The other is just four and he lives with her and her husband.
They work the land.
It is not easy to make a living.
They borrowed money to plant a plot of leeks.
The harvest was bad – too much rain.
They did not even make enough to pay back what they borrowed.
She does not know how she will pay back her debt.
School is about to start – she has no idea how she will send her kids to school.
The four-year-old was due to start school – he is very smart, she said.
He will have to wait another year.
All her money is spent looking after her baby.
He has many problems.
Since he was born she is up and down to hospital with him.
To go to our rehab she has to leave her house and stay with friends.
She comes to stay with them the day before,
and then she can get a lift up and down in our bus.
The day I spoke to her she had not been home in four days.

I wish you could have seen how lovingly she cared for her little boy.
Everything was done with great skill, and great love. The bus was moving fast enough and the road is very windy – to undress and dress a little baby as we were zipping along – no small feat.
“When he was born he was unable to breast feed – his jaws would not work,” she said.

She told me she never leaves him with neighbours,
she does not want anything to happen to him.
“I never left my kids with others.
Kids are innocent, you need to make sacrifices for them.
I can go hungry, but I will not leave him – a neighbour left her 9-month-old baby with her older kids and she went to sell in the market, she was out the whole day.
When she came back she found her baby dead – he had fallen out of the bed or something.
You should never leave kids to watch over kids. I never did that with mine.

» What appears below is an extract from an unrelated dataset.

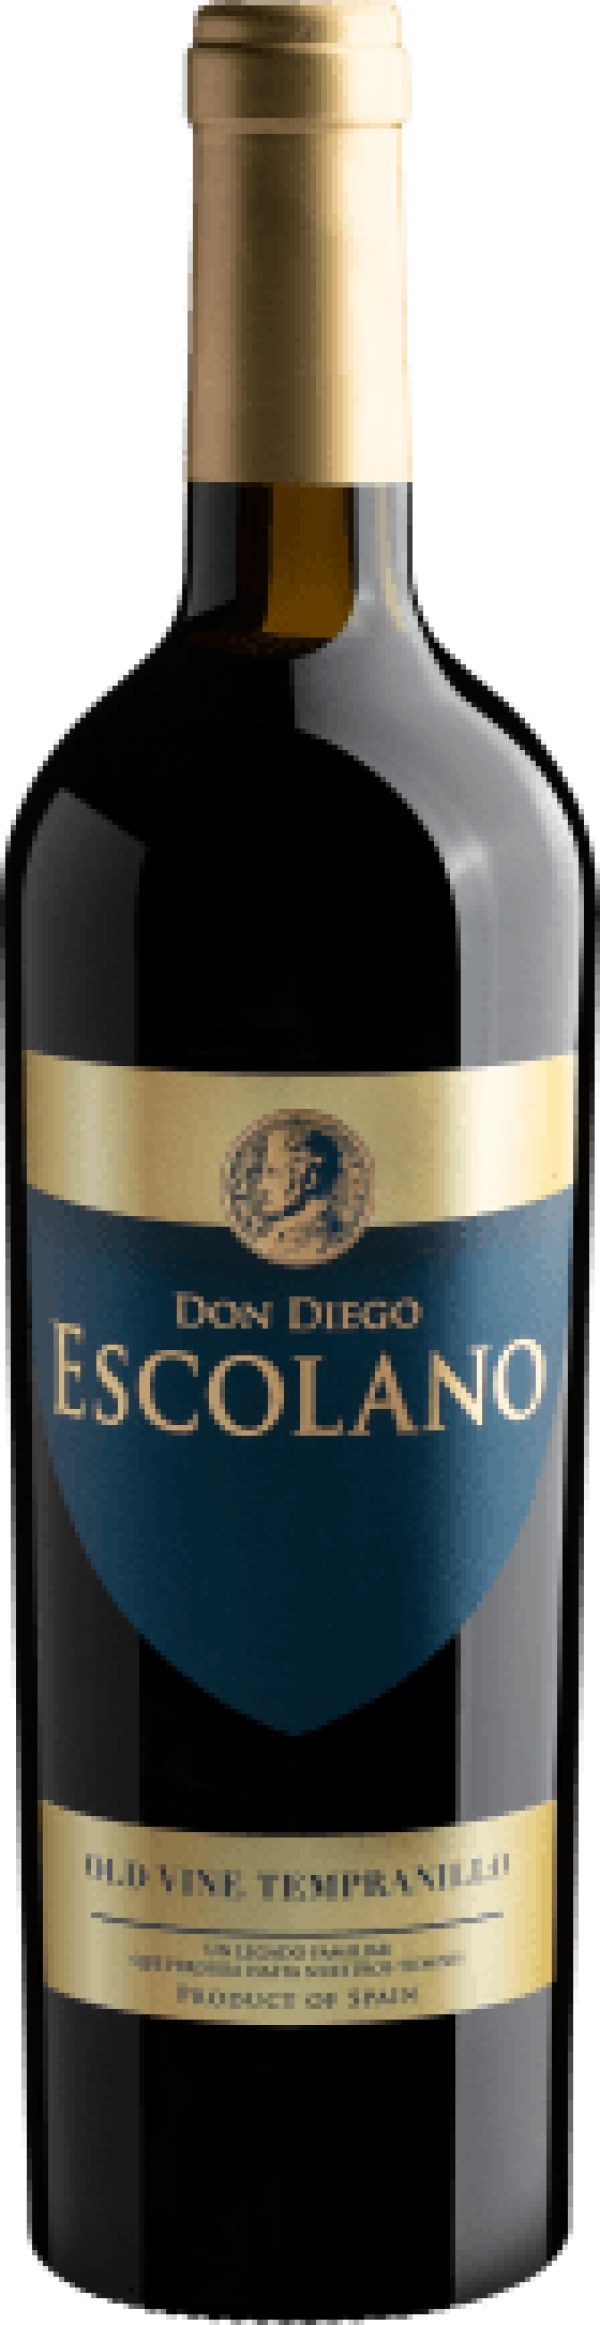 Don Diego Escolano Old Vine Tempranillo Cariñena DOP 2020

I will never do it.”

Her oldest kid has finished secondary school.
I congratulated her.
She worries about what he will do next as she cannot pay further studies and there is no employment to be found.
“When you are brought up a certain way, and your parents were not able to do many things for you,
you yourself have to try to do better for your kids.
So they don’t resent you, when they are older.
Better that they see you did all you could,
even if it was not enough, than they think you did not try.
I believe in education for my kids.”

The little boy was coughing – a lot.

“He has a lot of secretions – it bothers him.
When he is crying, YOU might not notice –
he does not cry like other kids – you have to know him well
to notice when he is crying – the sound does not really come out.”

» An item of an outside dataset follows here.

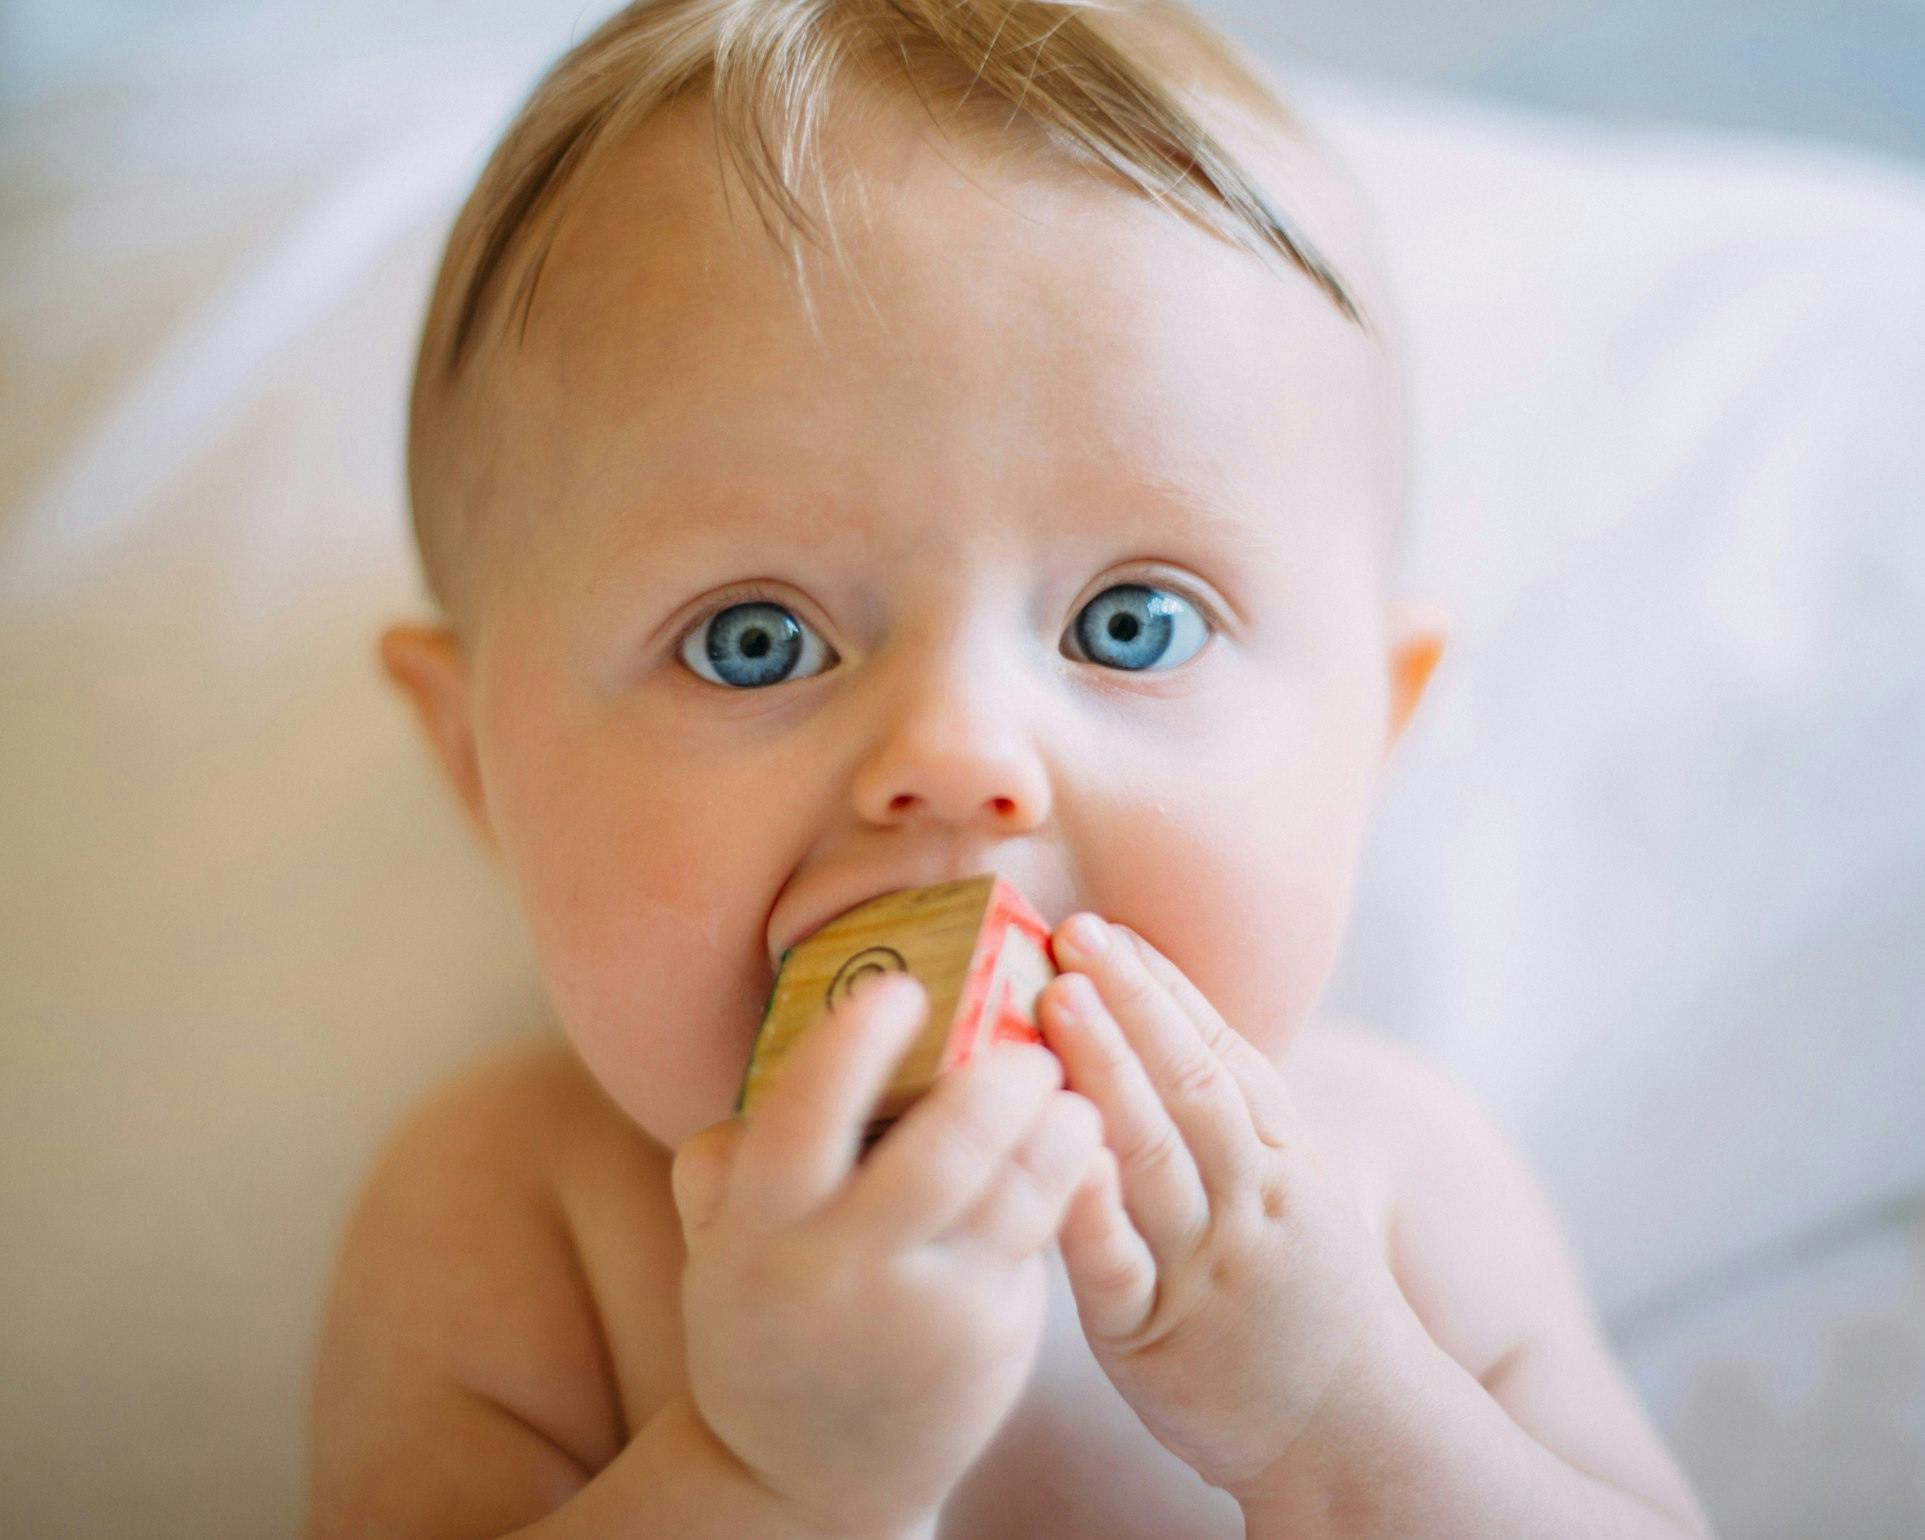 Un bébé aux yeux bleus vifs mordille un petit bloc de bois coloré. Ses cheveux blonds sont très courts et il semble curieux ou concentré.

I wish you could have seen her brush his hair. He has lovely hair. And a lot of it – curly.
The gentle way she did it, making her beautiful 8-month-old baby even more beautiful than he already was.
I was entranced. I was in awe. So much attention to getting it just right.
My tears took me by surprise. Even now, as I write these words, tears have filled my eyes.
If you had been there I bet you would have teared up also.
You know how it is when you witness something so beautiful, so powerful, so intense – and you feel your heart will expand right out of your chest?
Remember that great line from Alison Moyet – ‘I go weak, weak in the presence of beauty.”
‘Tis a good line for how I felt!

Well anyway, I sent them to the hospital instead of physical therapy and some hours later they were back in the minibus,
on their way back up the mountain again – with meds for the cough.
I presume she did not eat at all that day in the hospital.
We gave her therapy appointments for consecutive days so at least she can go home for the rest of the week.
Normally twice a week PT appointments are not on consecutive days.

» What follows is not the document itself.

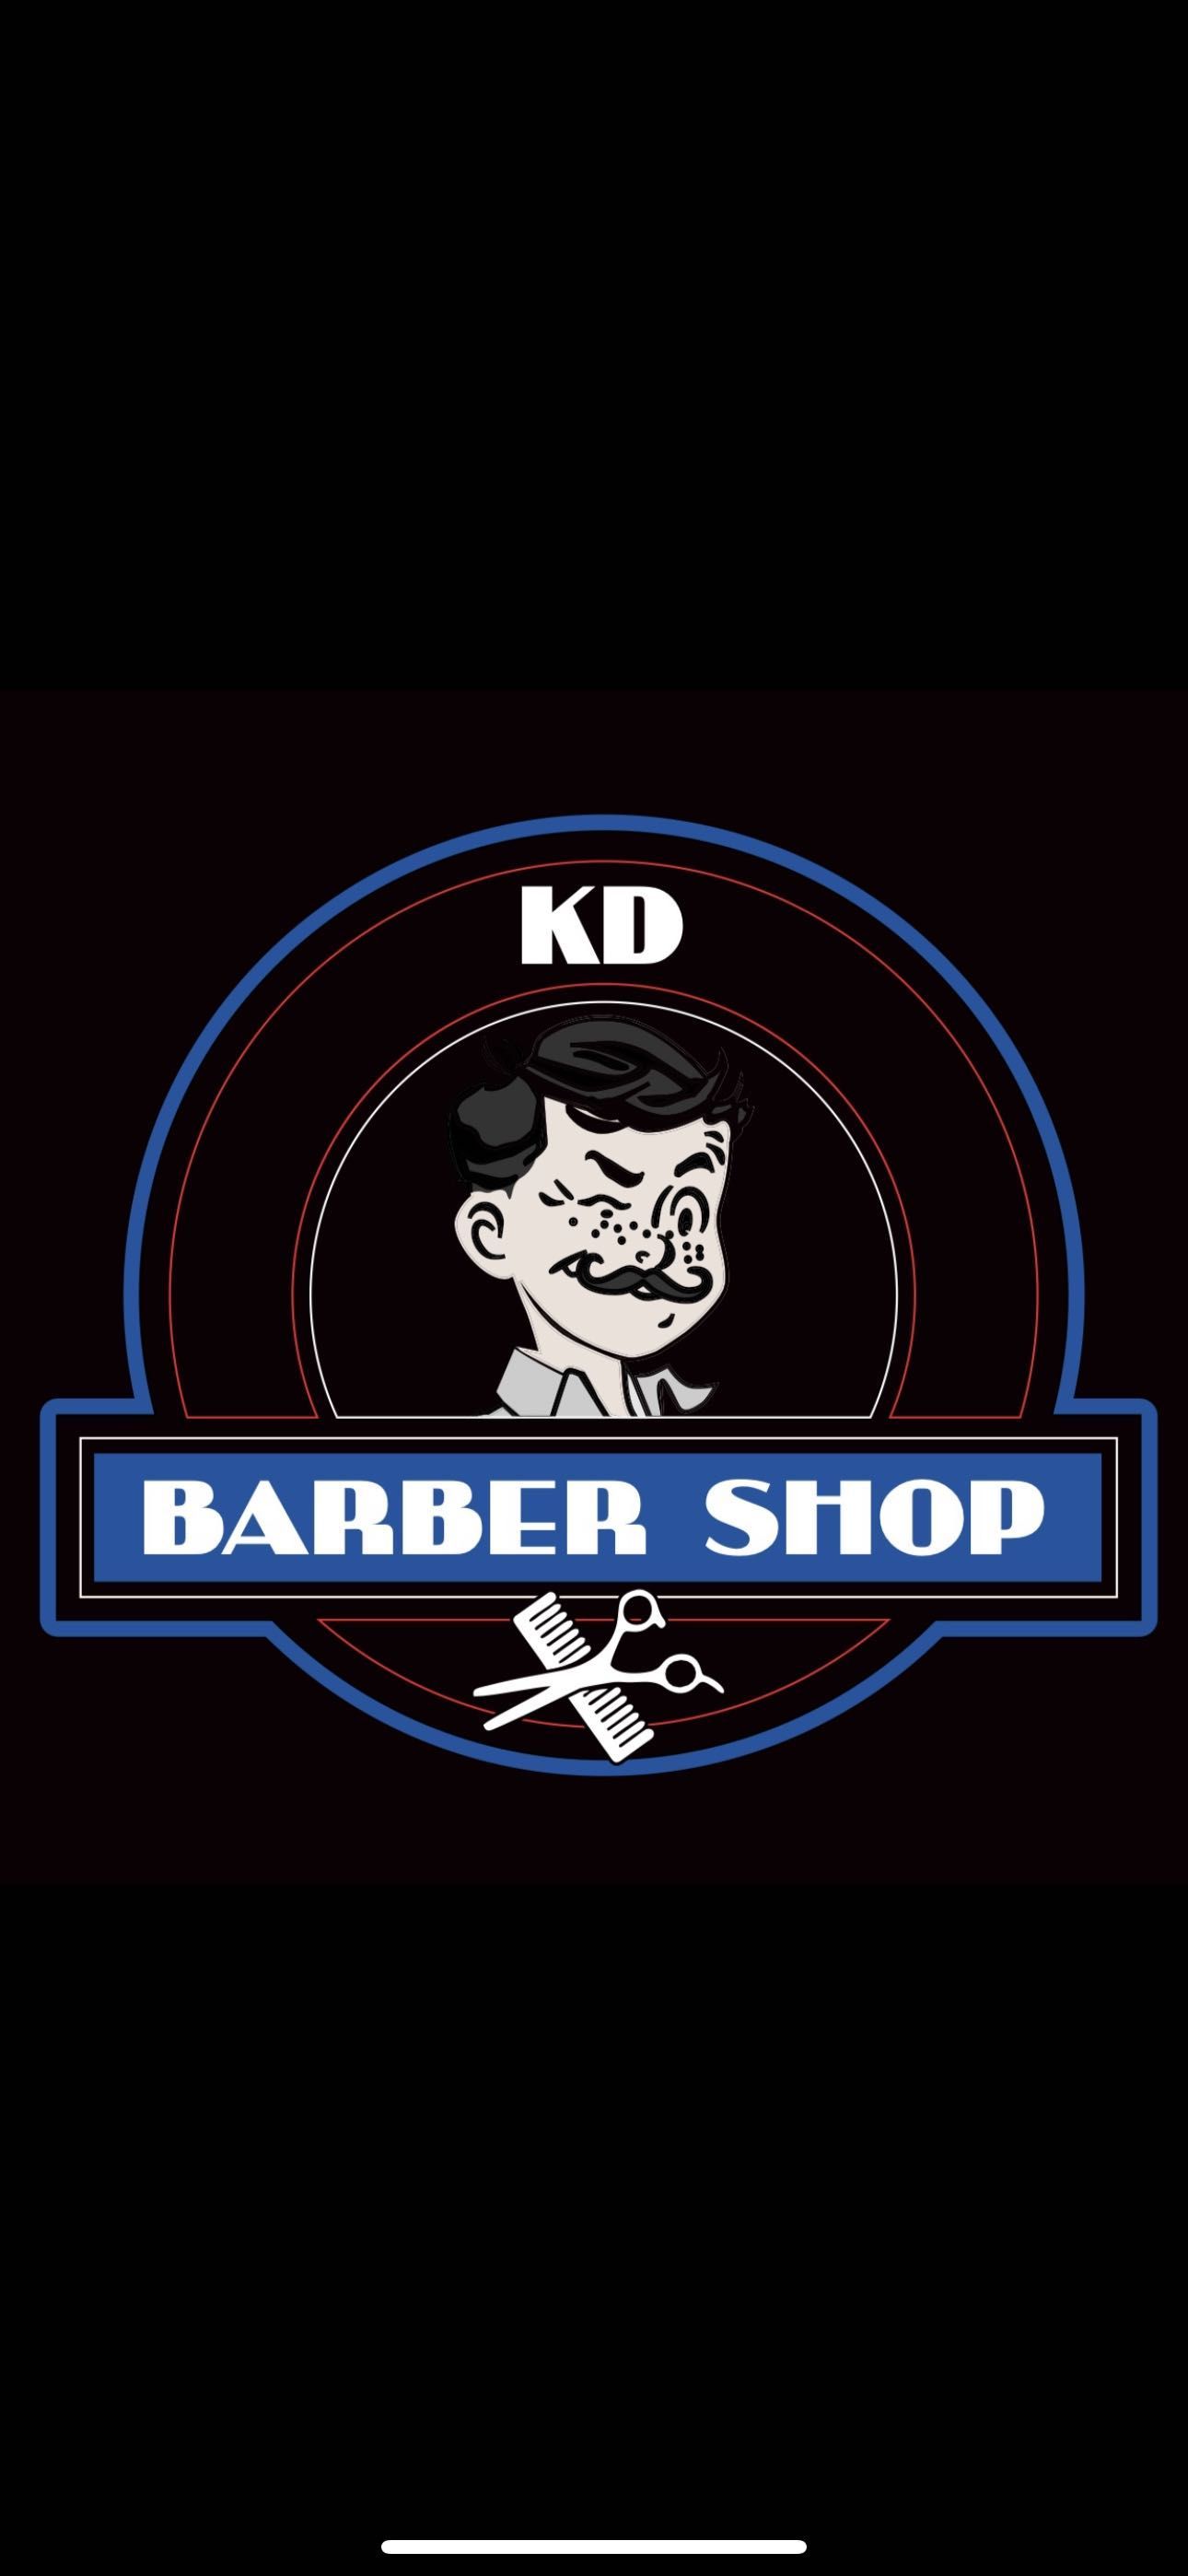 KD Barbershop, 108 W Third St, Elmhurst, 60126

This morning at 6 a.m. as I was giving something to the driver,
I heard a ‘Bonjou Madam Gena’ – Kreyol for ‘Hello Madame Gena’.
There they were in the darkness.
He was wrapped up and she was holding him tight.
I helped them into the minibus and then handed her her two bags – one maroon colour and one black.
I noticed the colours because to me these were no ordinary bags.
I knew what was inside those bags.
I knew they carried the instruments for the acts of love that would be carried out on the way down.
I lifted them with reverence.

I was not going down today.
She must be at home in her own home tonight.
Holding him tight.


Gena Heraty
31st August, 2021

 

Gena Heraty, NPH Special Needs Programs, Haiti.